Le deuxième concert d'inauguration du grand orgue de la Maison symphonique nous ramenait les trois oeuvres entendues la veille au premier concert et en ajoutait deux nouvelles commandées pour l'occasion.

Donné sans entracte, le premier concert faisait exactement une heure et demie. Le deuxième, avec entracte, faisait la durée normale d'un concert, soit un peu plus de deux heures. Dans les deux cas: deux salles pleines, deux auditoires attentifs et enthousiastes, convaincus d'assister à un événement historique, lequel était d'ailleurs fixé pour la postérité par une équipe de tournage.

Il faudra attendre encore, cependant, pour voir, ou plutôt entendre, le nouvel instrument déployer cette pleine richesse promise sur tous les tons. Peut-être les sept récitals où se succéderont ce week-end autant d'organistes (huit, en fait) répondront-ils à ces attentes. Cette initiative vient - heureusement - en contradiction avec le statut d'«orgue d'orchestre» où l'on veut confiner l'instrument.

Pour l'instant, son image sonore se ramène à de très puissants accords dans les basses (très puissants, mais toujours les mêmes), quelques timbres lumineux et certains effets d'écho. Le répertoire choisi pour l'inauguration est en cause et les deux oeuvres nouvelles n'ont pas modifié cette impression.

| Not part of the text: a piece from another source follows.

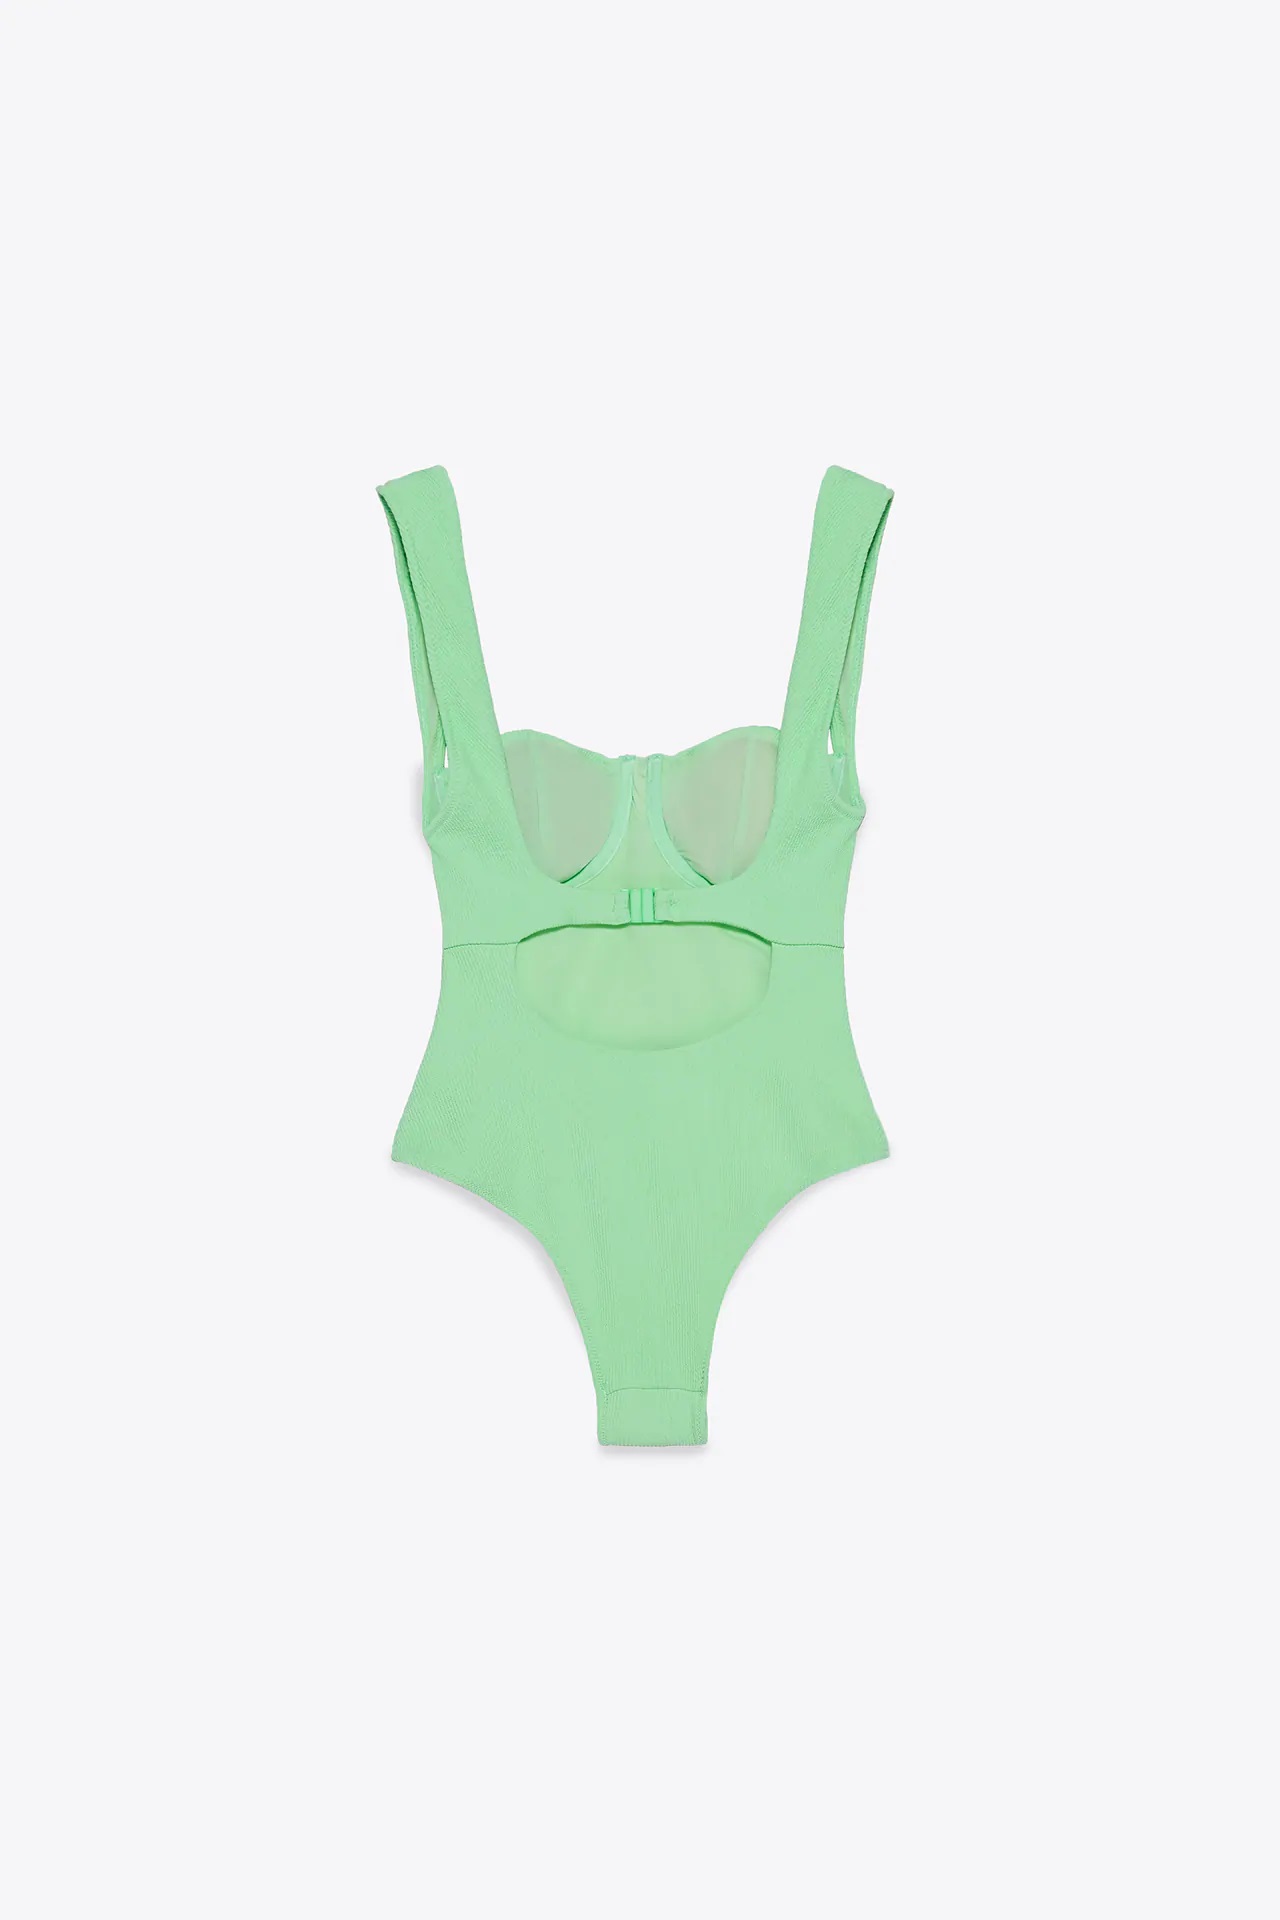 Este es el bañador verde de Zara que estiliza la figura y resalta el pecho, que puedes usar como body

On peut commencer par en ignorer les titres. Comme si souvent en musique contemporaine, ils sont plus intéressants que les oeuvres elles-mêmes. Celle de la Finlandaise Kaija Saariaho devait durer 12 minutes; elle en fait 20! Et celle du Canadien Samy Moussa, 11 minutes au lieu des 8 annoncées. M. Moussa vit en Allemagne et est à peu près inconnu ici. On l'a ajouté en hâte à une programmation qui, étrangement, n'avait fait aucune place à la musique d'ici.

Les deux pièces ne se distinguent en rien de ce qu'on entend à satiété dans les concerts de musique dite «actuelle». Celle de la Finlandaise débouche sur une espèce de toccata qui a sans doute réveillé ceux qui s'étaient endormis. La pièce canadienne - qui commence presque indécemment comme la première Symphonie de Mahler! -  a le mérite d'être plus brève que l'autre et de contenir quelques agrégats originaux. Mais aucune des deux pièces ne fait parler l'orgue d'une façon intéressante. Les deux compositeurs étaient présents et ont reçu des fleurs.

Alternant aux deux consoles, Olivier Latry jouait dans toutes les oeuvres, sauf dans celle de M. Moussa, que Jean-Willy Kunz joua à la console électrique, sur scène. Reprenant la Toccata et Fugue en ré mineur de Bach, M. Latry fit un peu moins de mignardises que la veille, mais, en même temps, montra une légère fatigue. Par contre, il retrouva sa pleine forme dans le Liszt orchestré par Cochereau et, surtout, dans la troisième Symphonie de Saint-Saëns, qu'il mena à une conclusion absolument irrésistible. Cette musique décriée en certains milieux nous rejoint toujours, 128 ans après sa création. Parlera-t-on encore de Mme Saariaho et de M. Moussa dans 128 ans?...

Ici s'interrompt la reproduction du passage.